Figure 4. Schematic representation of the various pathways that Th17 cells play in antitumour immunity. Tumour-associated antigens (TAAs) shed from tumour cells are taken up by resident tissue dendritic cells in the tumour microenvironment (1) and following cognate presentation of MHC-I/peptide or MHC-II/peptide to CD8 (2) or Th17 cells (3), respectively, there is clonal expansion of antitumour CTLs as well as Th17 activation that secretes angiogenic factors, i.e., VEGF (4) and chemotactic factors for the recruitment of DCs (5).
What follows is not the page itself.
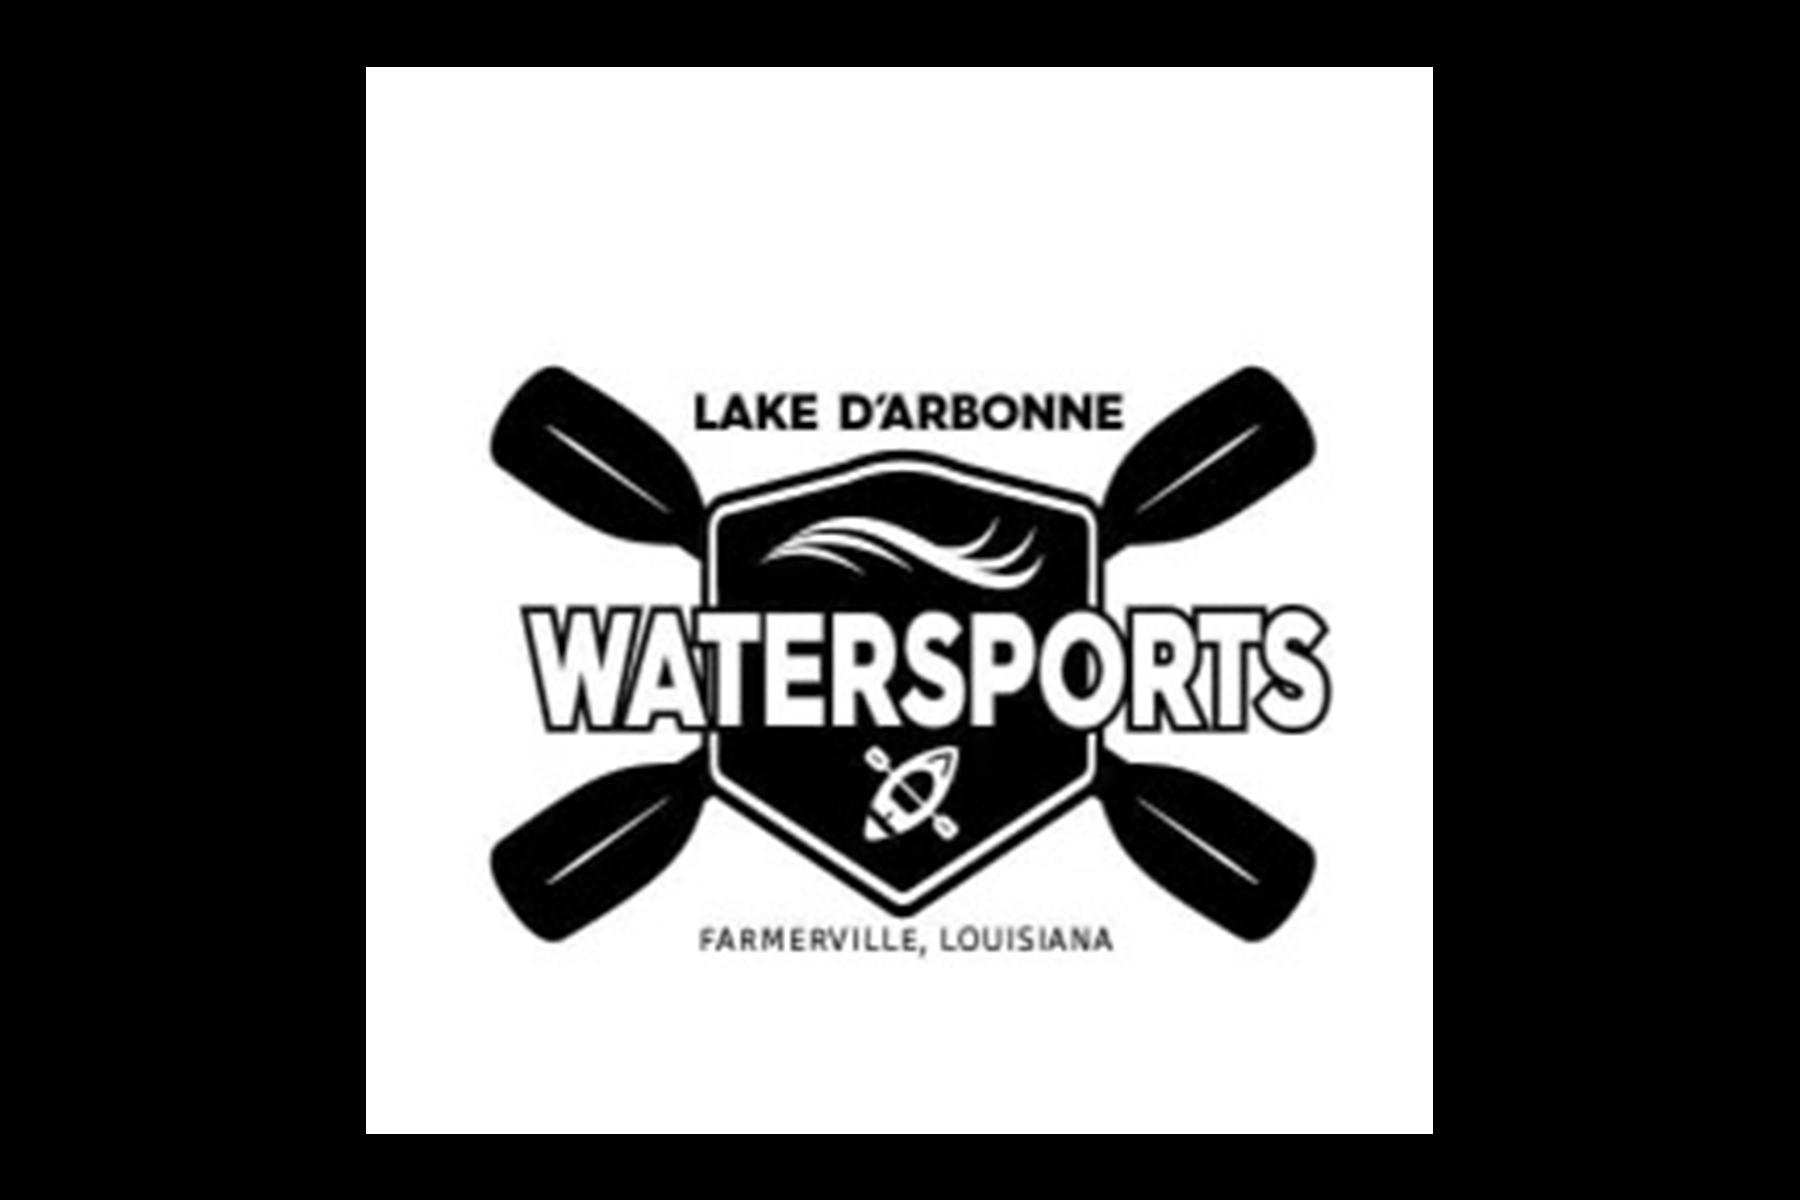 Lake d'arbone watersports logo

The stimulation of Th17 cells and their synthesis of IL-17 (6) induces the tumour cells to secrete chemotactic factors, e.g., CXCL9 and CXCL10 (7), leading to the recruitment of additional cytotoxic effectors, i.e., NK and CD8+ cells. [Bellanti, JA (Ed). Immunology IV: Clinical Applications in Health and Disease. I Care Press, Bethesda, MD, 2012].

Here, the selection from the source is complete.